– И что прикажете делать с этими сагами, мистер Крэкнелл? – Махони наблюдал за тем, как Крэкнелл распаковывал свой литературный груз с таким мрачным выражением лица, что его нахмуренные брови едва ли в полной мере могли выразить всю безысходность ситуации.

– Я был бы вам очень обязан, мистер Махони, если бы вы, как признанный автор, сказали мне свое мнение.

Махони щелчком открыл обложку первой из восьмидесяти пяти тонких самодельных книжек, которые Крэкнелл сложил в стопку. Внутри была неистовая плотность письма: тридцать слов в строке, сорок строк на странице. Почерк злобно правильный, с обратным наклоном и совершенно непонятный. На прикидку там должно было быть в общей сложности пять миллионов слов, не меньше.

– Понимаете, – продолжил Крэкнелл, – в этих книгах, с первой по двадцать седьмую, события происходят в начале третьего тысячелетия в Арконикской империи; в следующих, начиная с двадцать седьмой и по сороковую, охвачен тысячелетний период прихода к власти ее лукавого конкурента – Триммианской империи. Мне бы очень хотелось получить от вас некоторые рекоменда…

– Вы любите писать, мистер Крэкнелл?

– Простите?

– Вы получаете удовольствие от самого творческого процесса, мистер Крэкнелл, или это просто подходящий способ заполнить время?

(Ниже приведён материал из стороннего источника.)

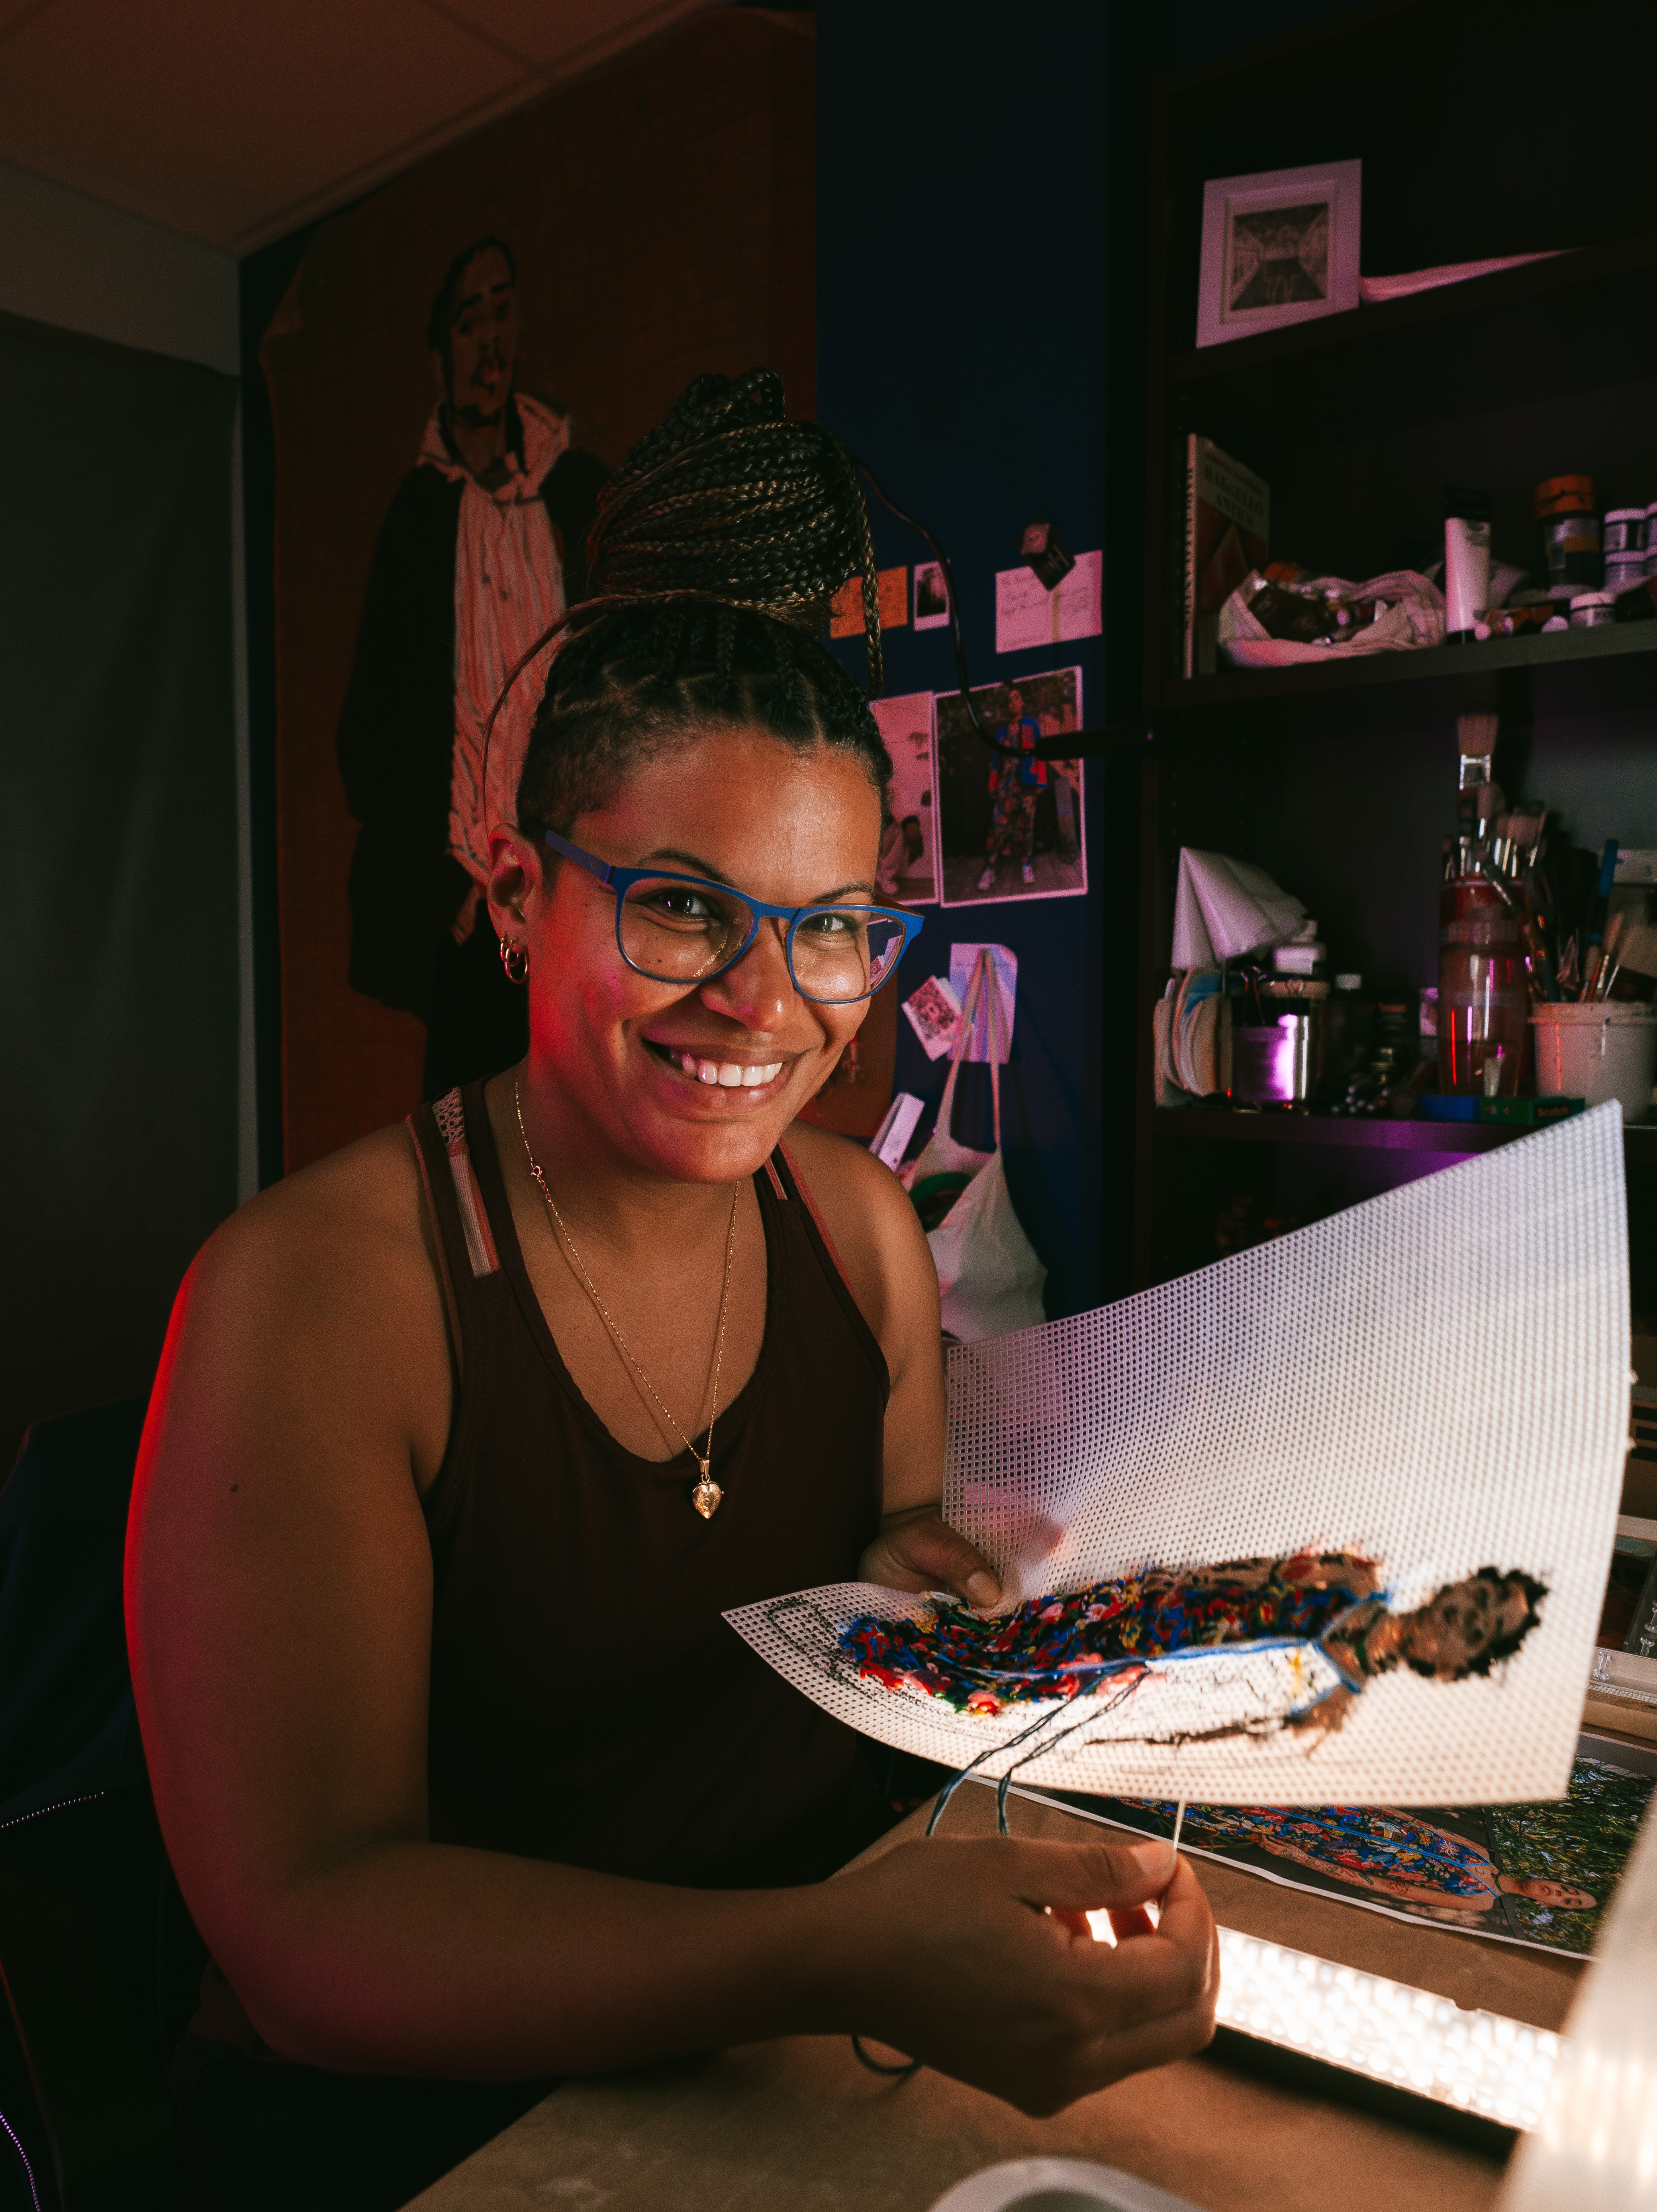 Kandy Lopez working on a portrait. Photo by ShootmeJade.

– Ну, конечно, это заполняет время. Мой сосед меня слегка раздражает, ну так я, когда камеры закрывают на ночь, достаю тетрадь и могу писать хоть до утра! При свете электрического фонарика! Меня это успокаивает, понимаете.

– Вполне возможно, что это так, мистер Крэкнелл, и я уверен, что ваши фантастические саги достойны внимания, однако, поскольку у нас еще слишком много сегодняшних нерешенных проблем, я их и читать не стану.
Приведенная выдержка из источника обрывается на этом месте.